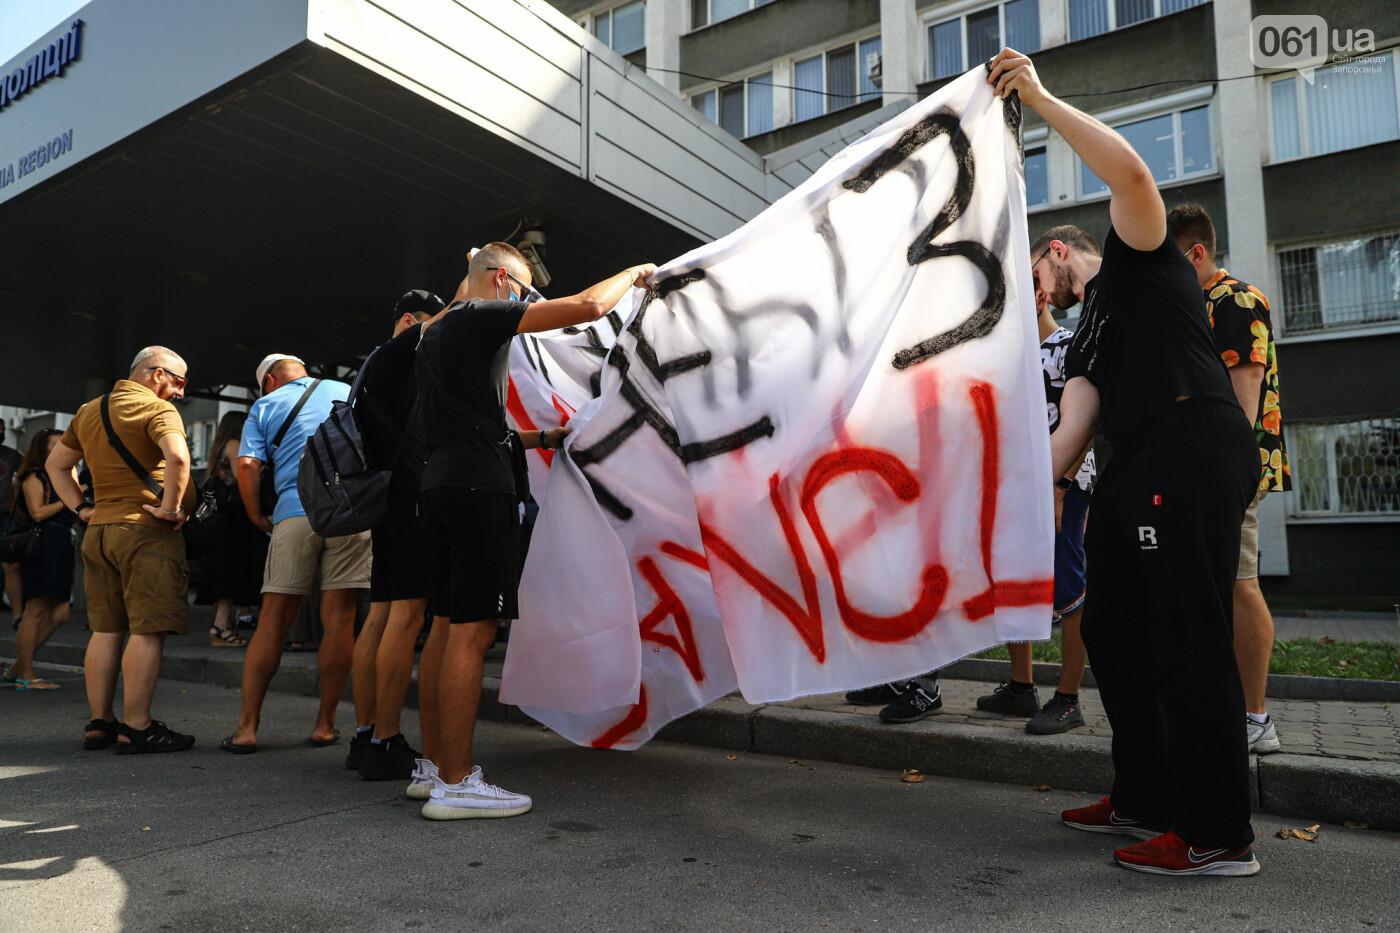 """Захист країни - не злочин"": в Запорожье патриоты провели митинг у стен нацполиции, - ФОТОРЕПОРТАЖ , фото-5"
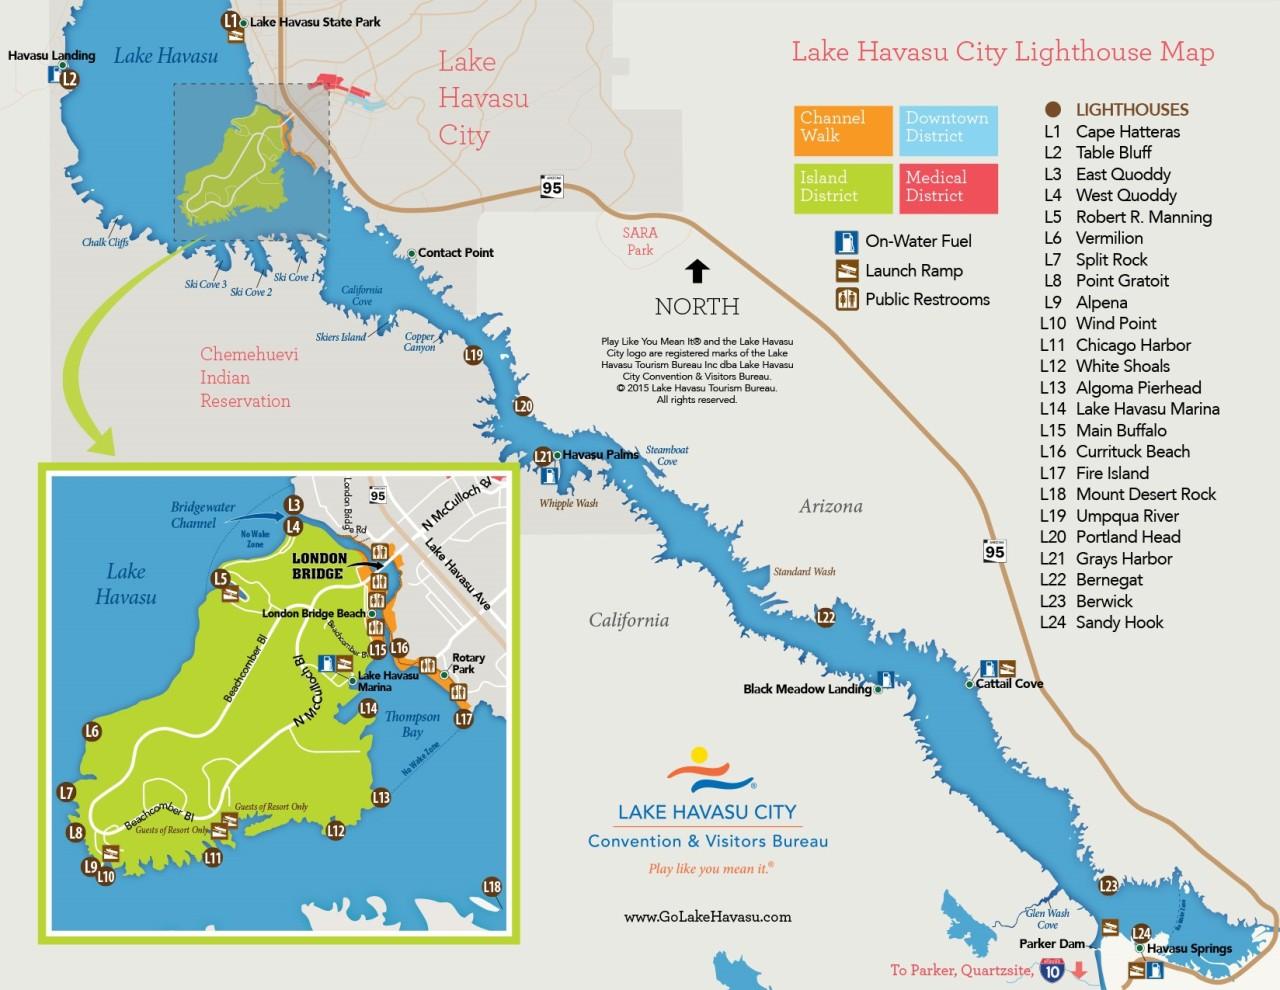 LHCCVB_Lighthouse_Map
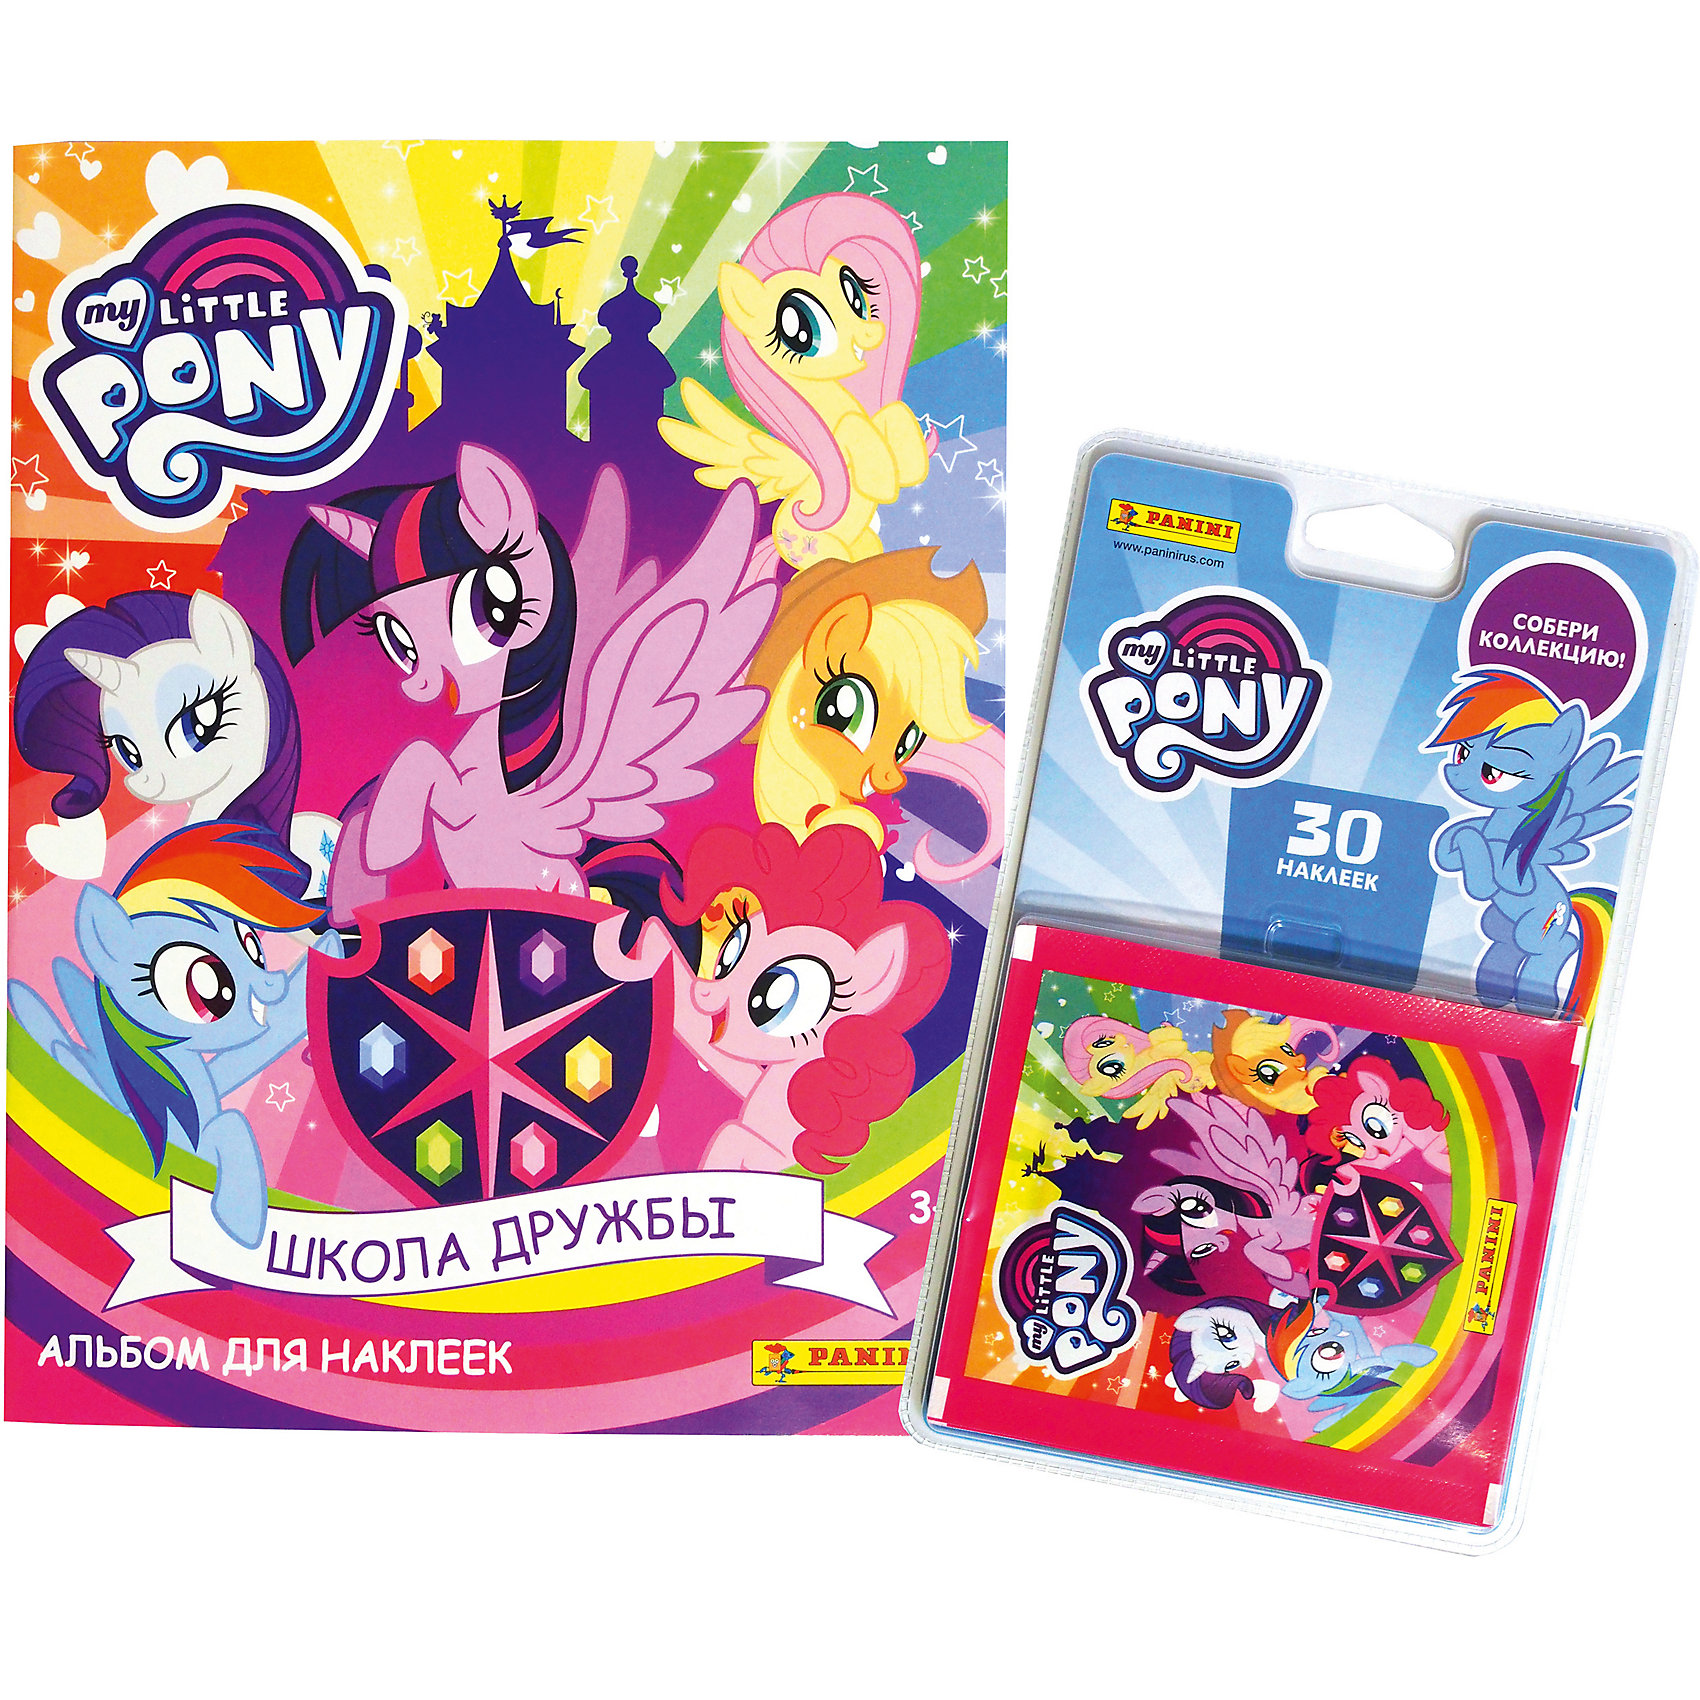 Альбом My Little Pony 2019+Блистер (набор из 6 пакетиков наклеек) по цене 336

○ ○ ○

Action item => Would you restate the listing word for word without its pictures?

Result below =>
 """Захист країни - не злочин"": в Запорожье патриоты провели митинг у стен нацполиции, - ФОТОРЕПОРТАЖ , фото-5"
 LHCCVB_Lighthouse_Map
 Альбом My Little Pony 2019+Блистер (набор из 6 пакетиков наклеек) по цене 336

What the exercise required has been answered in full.